-- DATA SECTION follows --

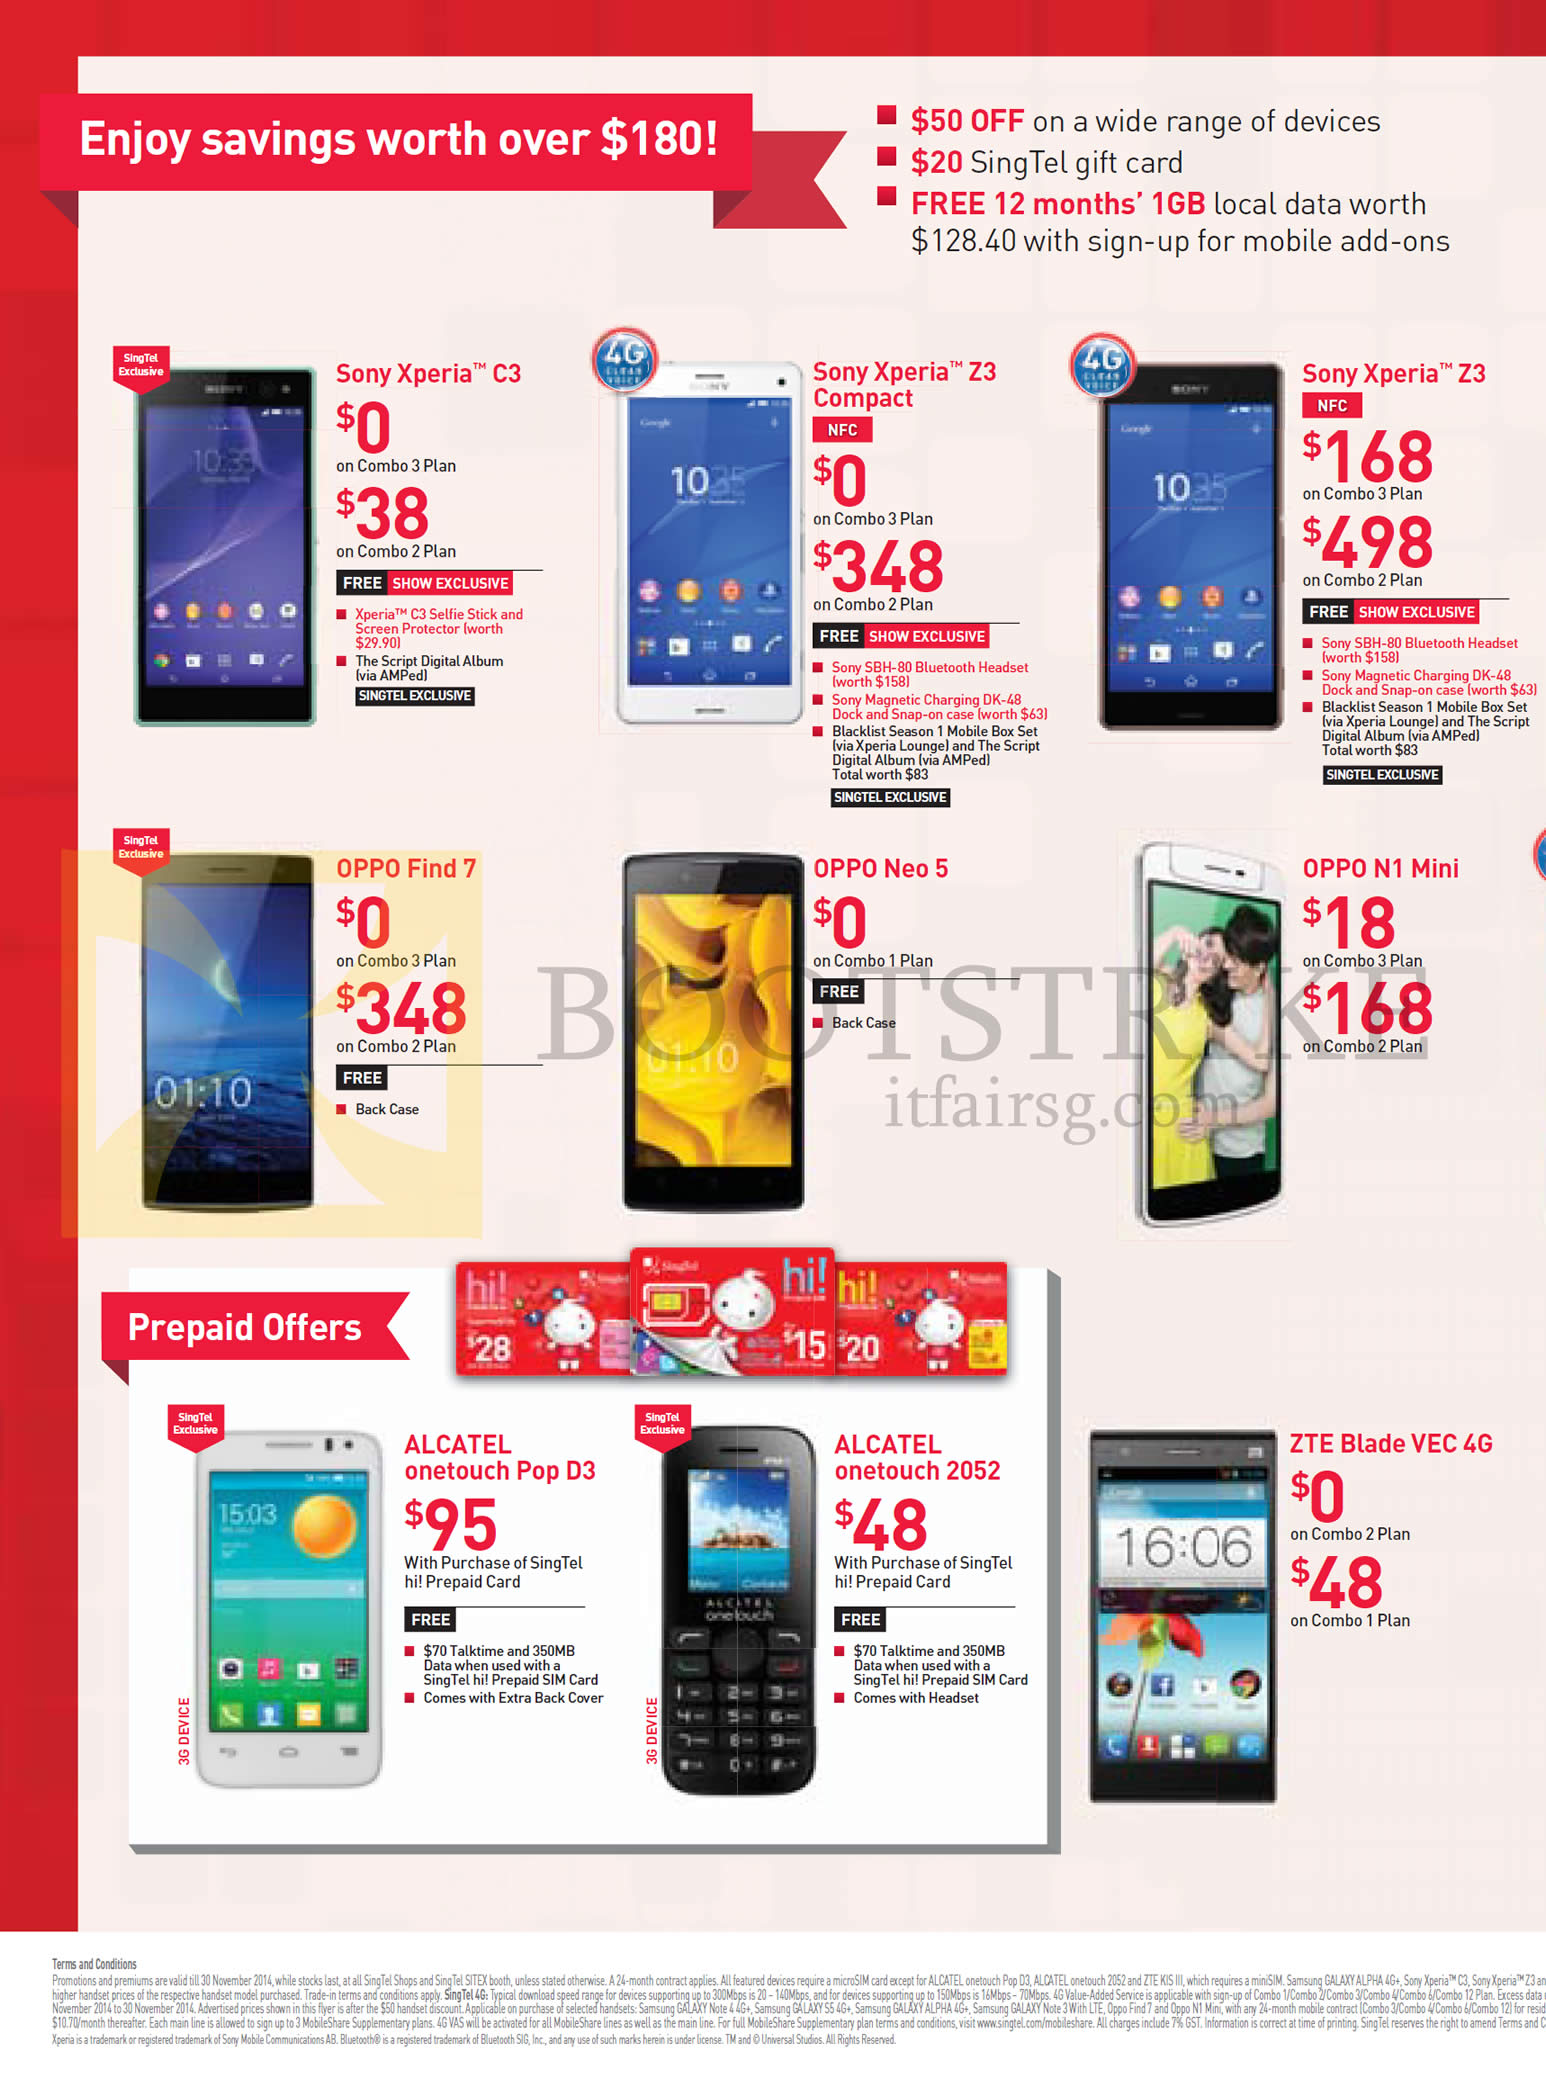 SITEX 2014 price list image brochure of Singtel Mobile Sony Xperia C3, Z3, Z3 Compact, Oppo Find 7, Neo 5, N1 Mini, ZTE Blade VEC, Alcatel Onetouch Pop D3, 2052
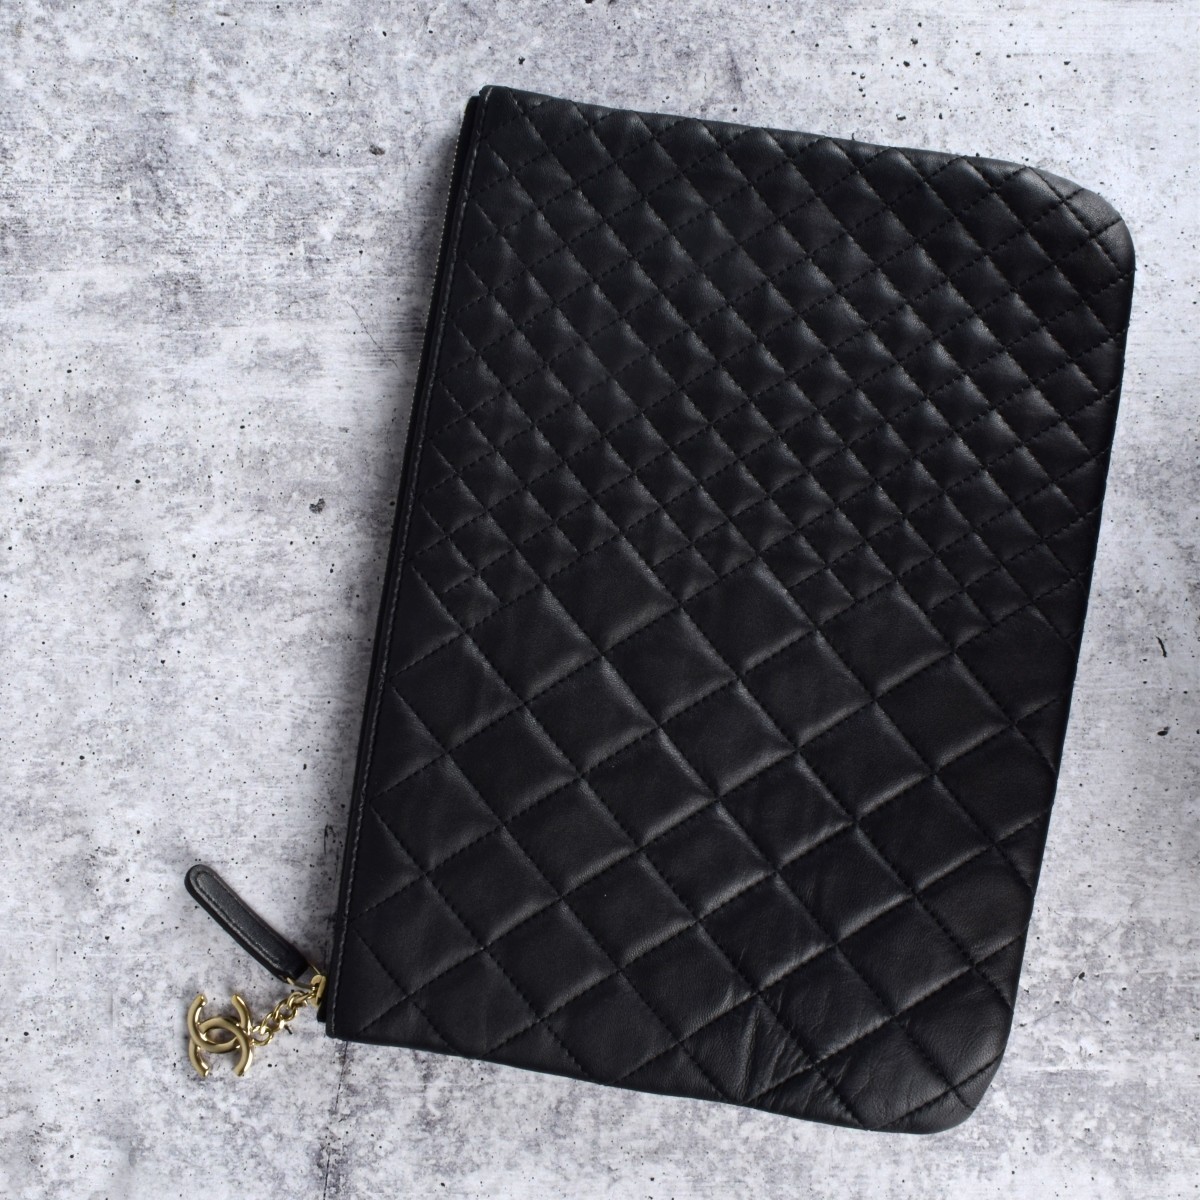 Chanel Black Quilted Clutch
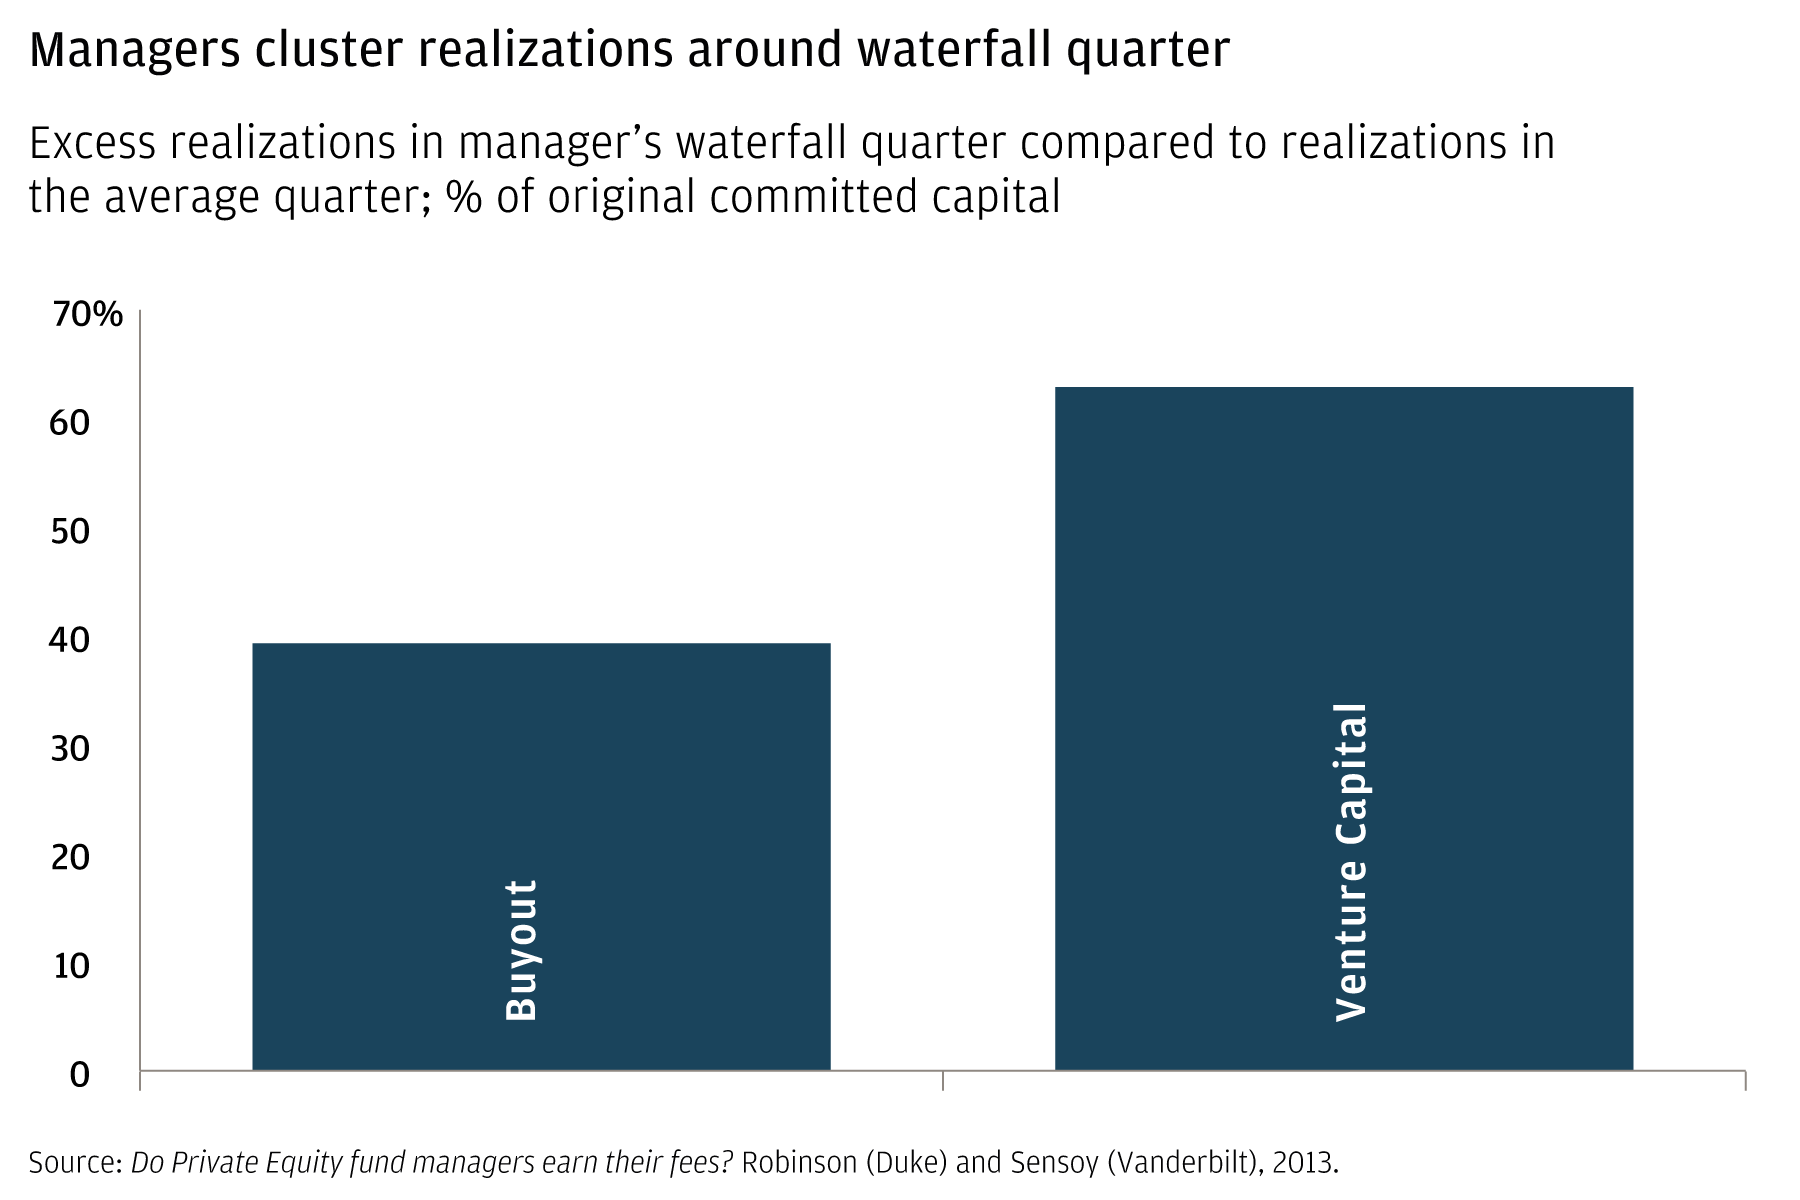 This bar chart compares buyout managers to venture capital managers on the basis of excess realizations in the manager’s waterfall quarter

-- DATA SECTION concluded --

YOUR ASSIGNMENT:
Recopy the whole listing above precisely, excluding images.

ANSWER:
 SITEX 2014 price list image brochure of Singtel Mobile Sony Xperia C3, Z3, Z3 Compact, Oppo Find 7, Neo 5, N1 Mini, ZTE Blade VEC, Alcatel Onetouch Pop D3, 2052
 Chanel Black Quilted Clutch
 This bar chart compares buyout managers to venture capital managers on the basis of excess realizations in the manager’s waterfall quarter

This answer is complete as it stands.